Exercise aim ->
Transcribe the listing exactly, leaving out every picture.

Data segment ->
-.-.-

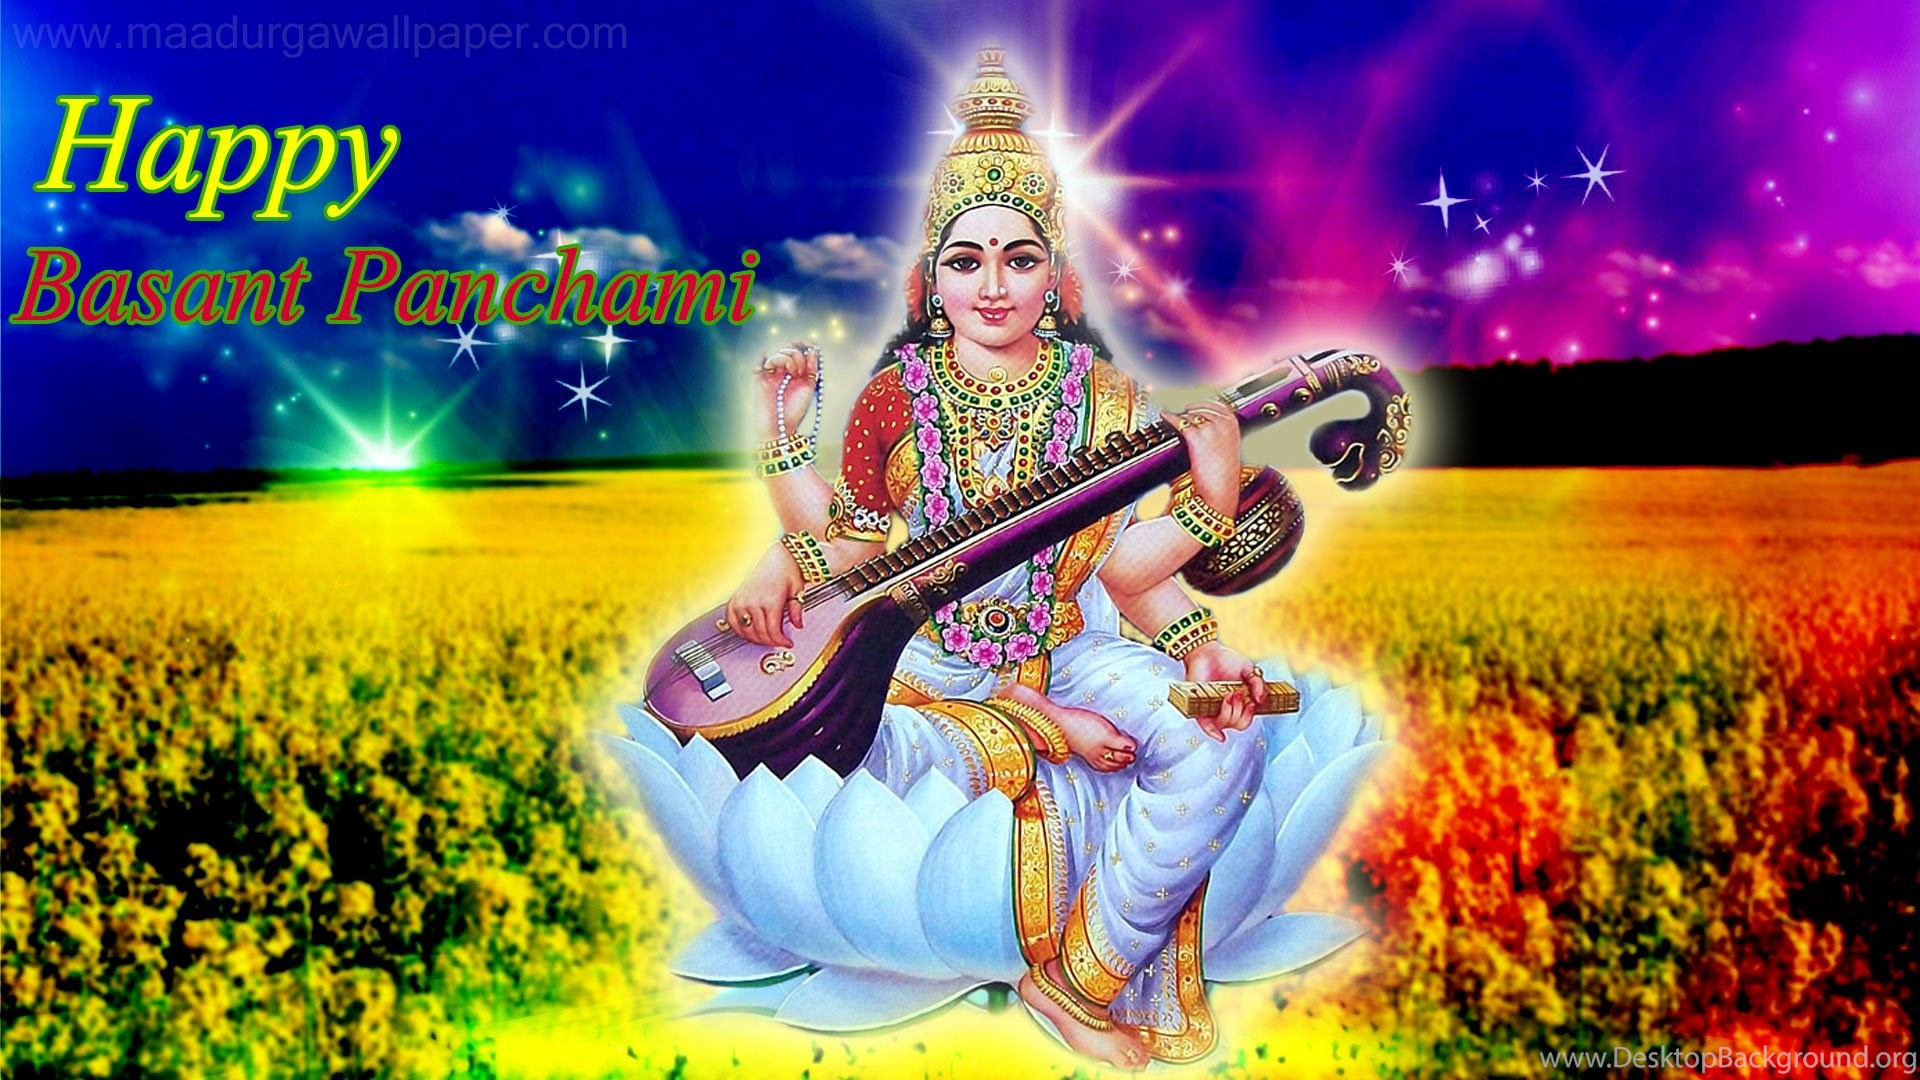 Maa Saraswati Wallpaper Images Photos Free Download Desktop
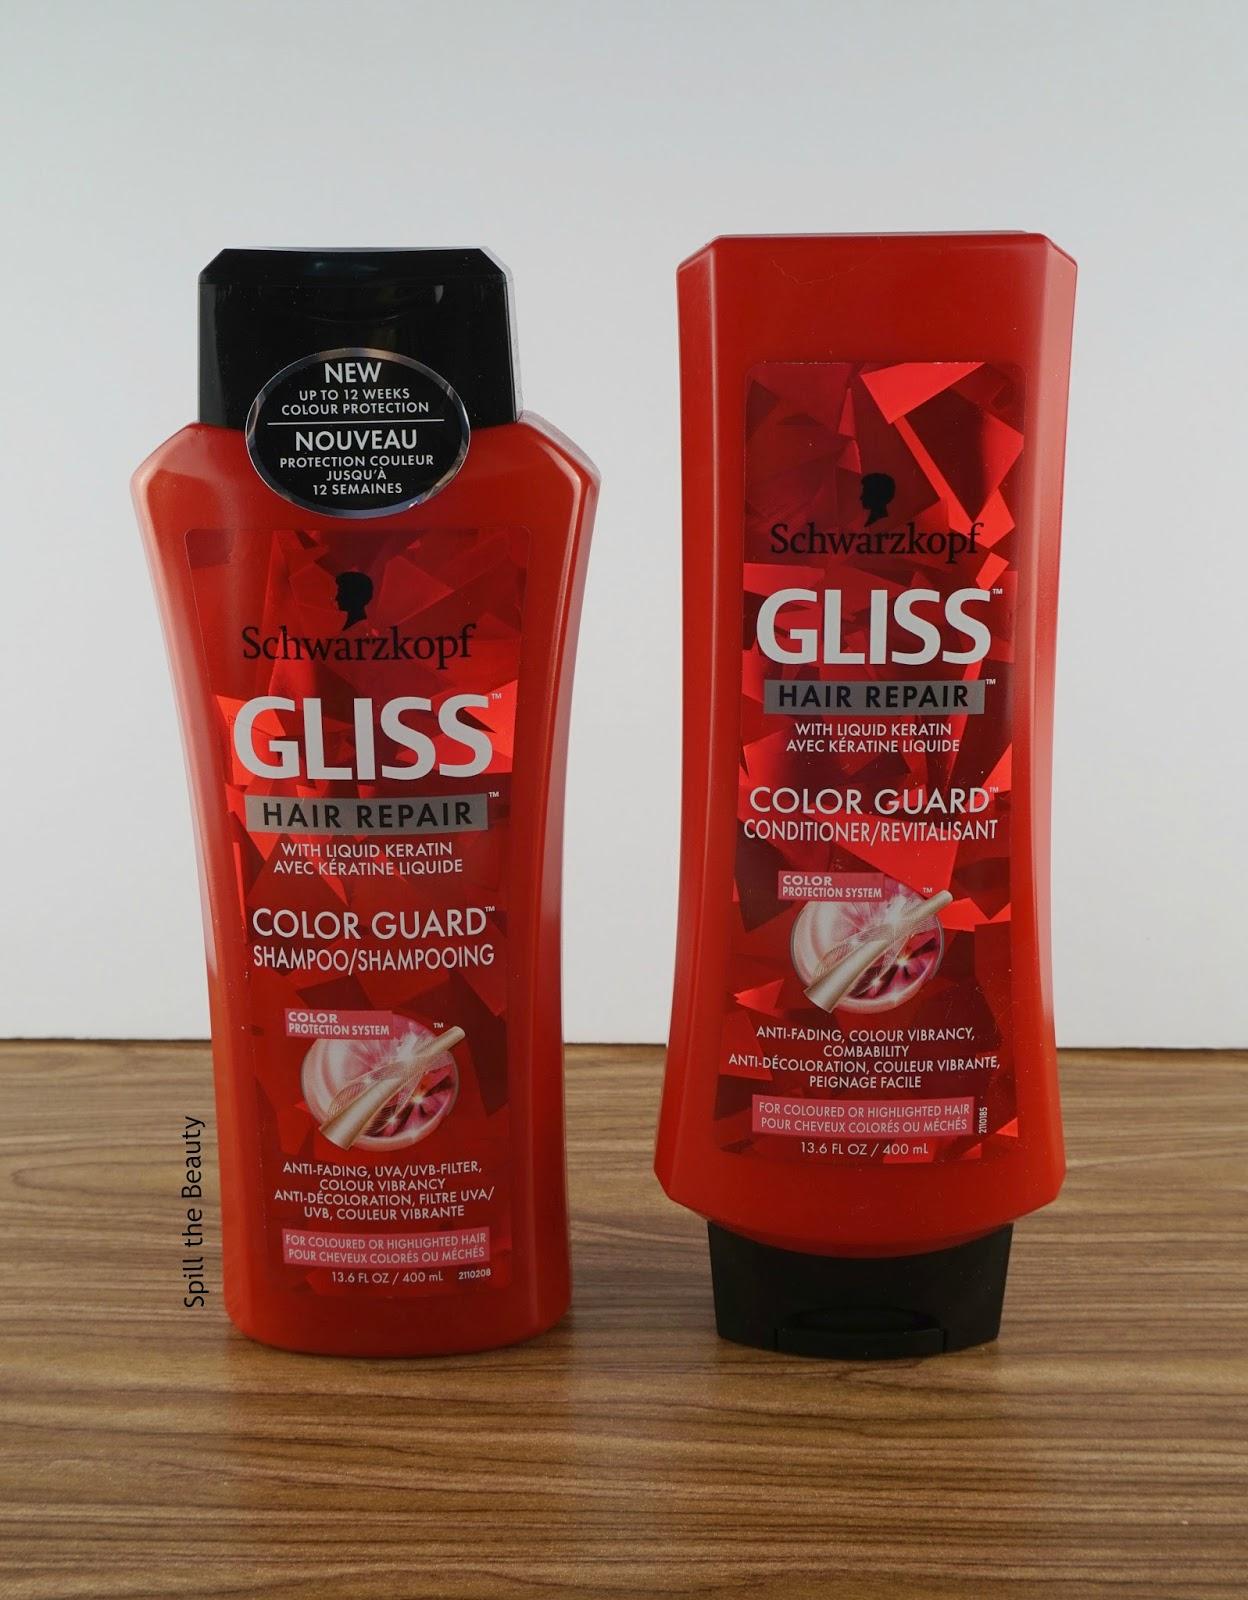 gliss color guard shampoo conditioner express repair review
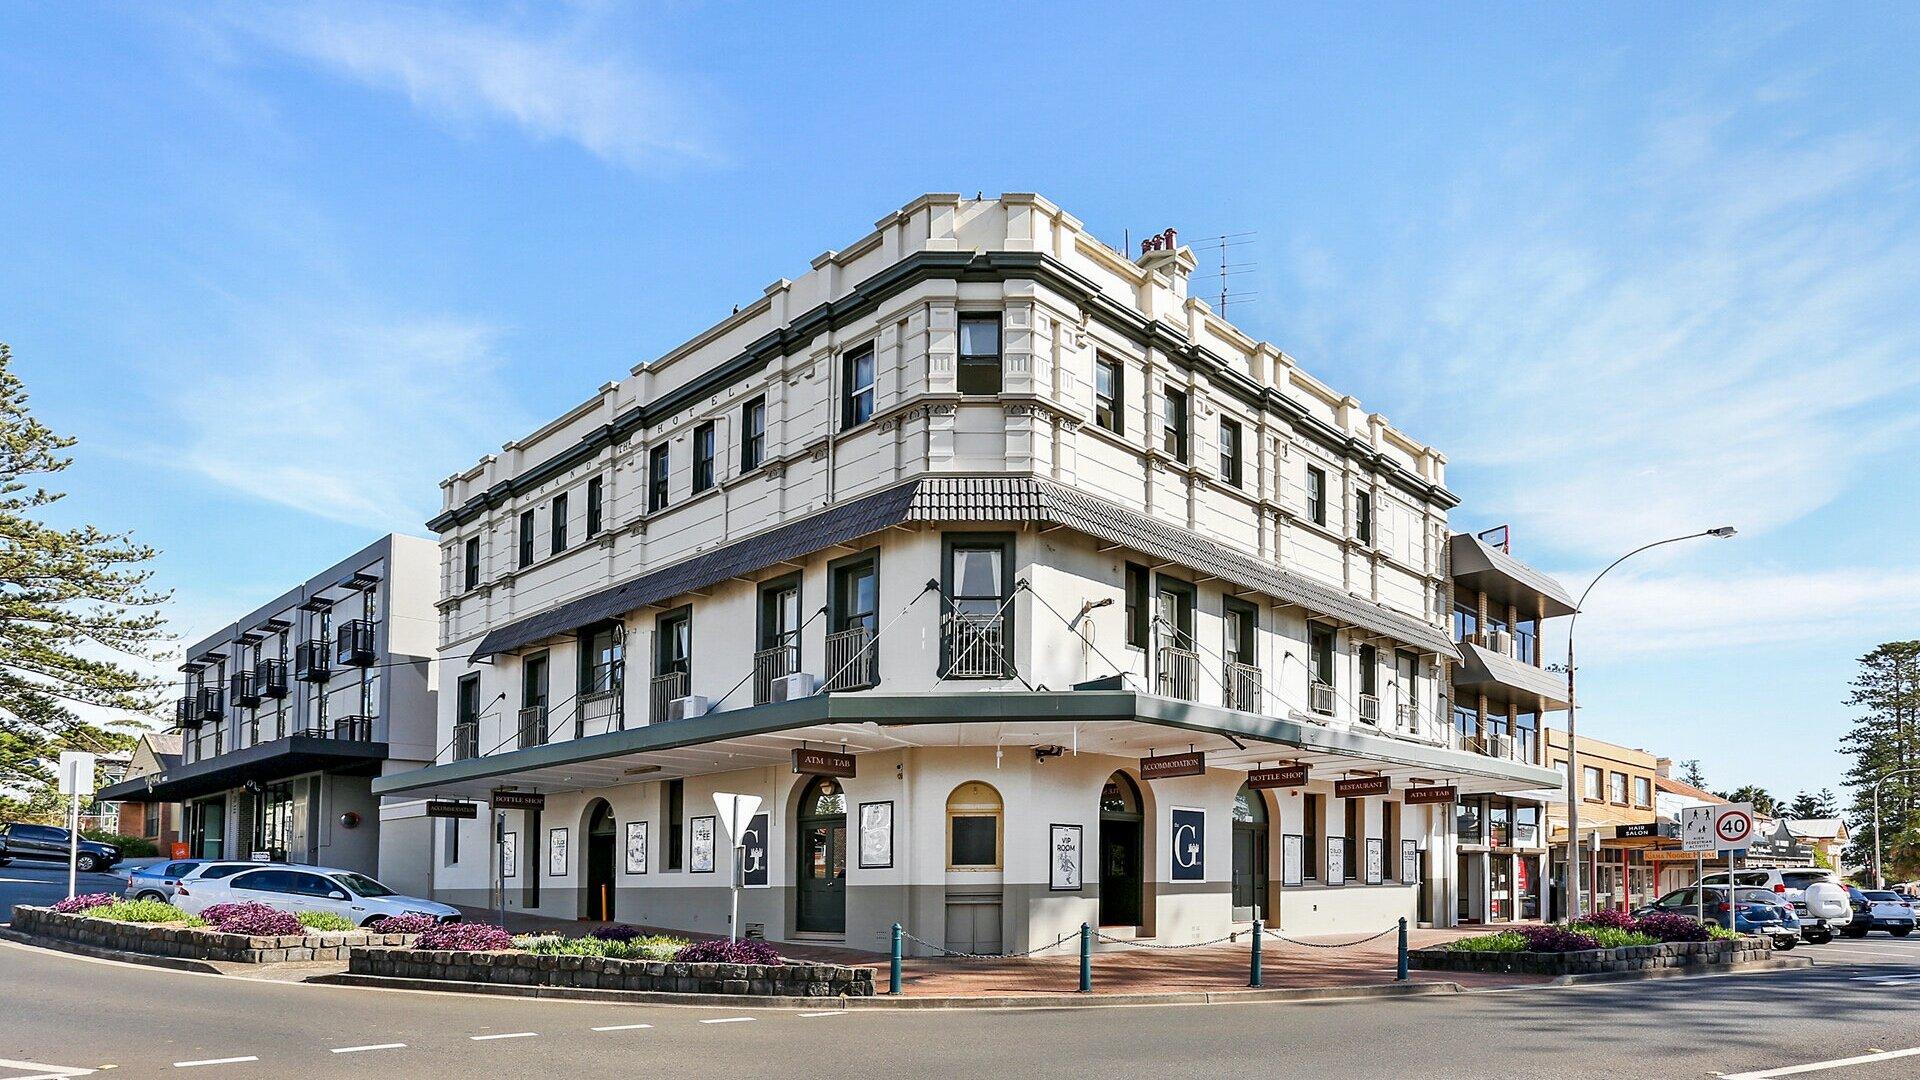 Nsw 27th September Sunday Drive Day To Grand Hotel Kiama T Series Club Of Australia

-.-.-

Result for this task ->
 Maa Saraswati Wallpaper Images Photos Free Download Desktop
 gliss color guard shampoo conditioner express repair review
 Nsw 27th September Sunday Drive Day To Grand Hotel Kiama T Series Club Of Australia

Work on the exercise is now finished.